Но больше всего любили Ури и Белла-Яффа рассказ о юноше Наамане, волосы которого всплывают и колышутся на поверхности речных вод, а сам он под водой играет на фортепьяно. Однажды показала Белла-Яффа Эфраиму свой рисунок, на котором был изображен юноша Нааман, играющий водяному царю, и прочла написанное ею стихотворение, посвященное юноше Нааману:
В рыбьем царстве жил-поживал
Мертвый юноша Нааман,
Нежно струны перебирал,
Вечной музыкой обуян.
И колышется дух его юный,
Как и волос – в поток погружен.
И внимают Ангелы струнам.
Только всех красивее – он.
– Дай мне это, – сказал Эфраим, – когда я встречу Наамана, покажу ему, что ты написала.
– Но только Нааману, – сказала Белла-Яффа, – ибо это не для печати.
Белла-Яффа сочинила много стихов, но никому их не показывала. Когда же слушала рассказы генералов, героев и инвалидов войны в доме отца, сердце её полнилось невероятной печалью, и хотелось ей пожалеть их, погладить, но она не двигалась с места и не произносила ни слова, ибо чувства сердца ее были лишь ее личными чувствами. И кроме того считала она, что все герои и генералы страдали зря, и потому печаль ее была еще больше. А почему зря? Потому что пьют, и едят, и радуются, а иногда и оскверняют губы грубостями. И это знак того, что им вообще неведомо, что они творили. А если неведомо, зачем творили? Именно так это рисовалось в сердце Беллы-Яффы, но хранила она все это лишь для себя. К тому же многое было ей непонятно. А коли не понимаешь нечто до конца, есть ли смысл делиться этим с другими?
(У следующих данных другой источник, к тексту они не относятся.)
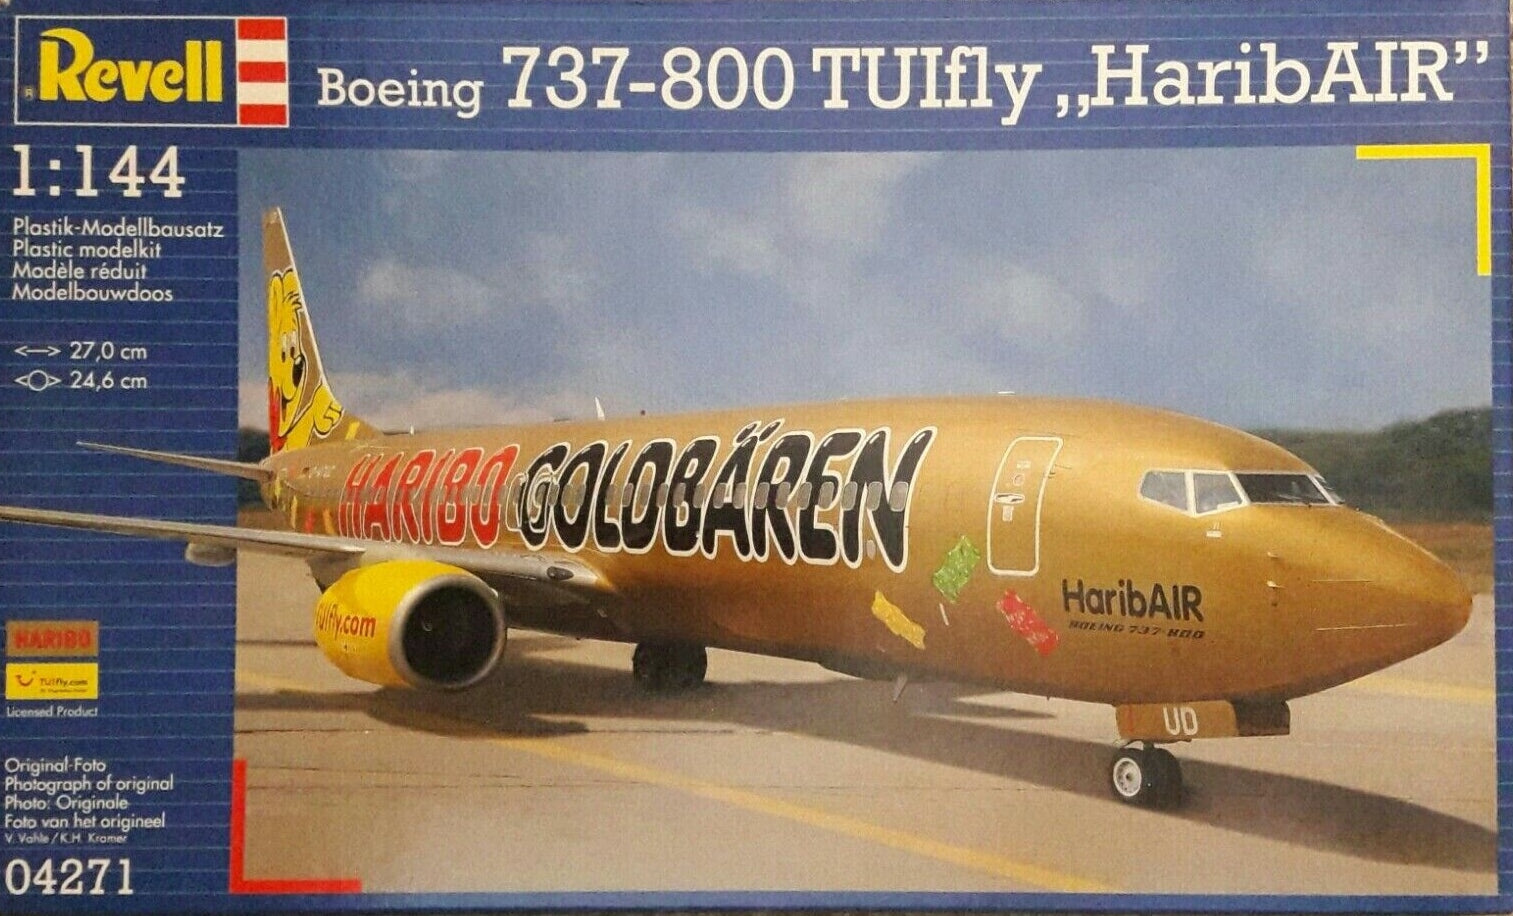 REVELL 04271 1/144 Scale, Boeing 737-800 TUIfly "HaribAIR"

Когда Овед узнал, что готовят национальное торжество в честь семидесятилетия приезда первых халуцев-пионеров в Эрец-Исраэль, он обратился к некоторым членам правительства и предложил посвятить это торжество своему деду, по сути, последнему оставшемуся в живых представителю того поколения, причем провести его в своем летнем доме с приглашением главы правительства, министров, лидеров и представителей молодежи. Сказано – сделано. В список приглашенных Овед внес также некоторых генералов, героев, подпольщиков. Глава правительства должен открыть это торжество речью, затем будет угощение, а после все соберутся в «руинах» и будут слушать рассказы о мужестве и воинских подвигах.
Так все и произошло. Во главе стола посадили Эфраима, и он согласился со всеми действиями, но при условии, что об этом расскажут по радио и напишут в газетах.
– Положись на меня, дед, и на мой опыт, – уверил его Овед.
Герцля также пригласили, но он ответил по телефону, что приедет, если сможет.
Ури разрешили привести двух товарищей из гимназии, а Белла-Яффа попросила и получила разрешение привести единственного своего друга, преподавателя литературы, доктора Ионаса-Иошуа Биберкраута, младшего брата музыканта Амадеуса Биберкраута, который был с жестокостью убит в пещере арабами во время погромов 1936 года.
Белле-Яффе было в тот год шестнадцать, а Ионасу-Иошуа Биберкрауту тридцать пять, и несмотря на это между ними существовал тайный союз, личный их, естественно.
Завершив свою речь, глава правительства уселся в машину и поехал на другую встречу, министры – за ним, а в летнем доме Рахели и Оведа остались генералы, герои, инвалиды и небольшая горстка избранных гостей. Все перешли из гостиной в отреставрированные руины, расселись на соломенных стульях со стаканами в руках.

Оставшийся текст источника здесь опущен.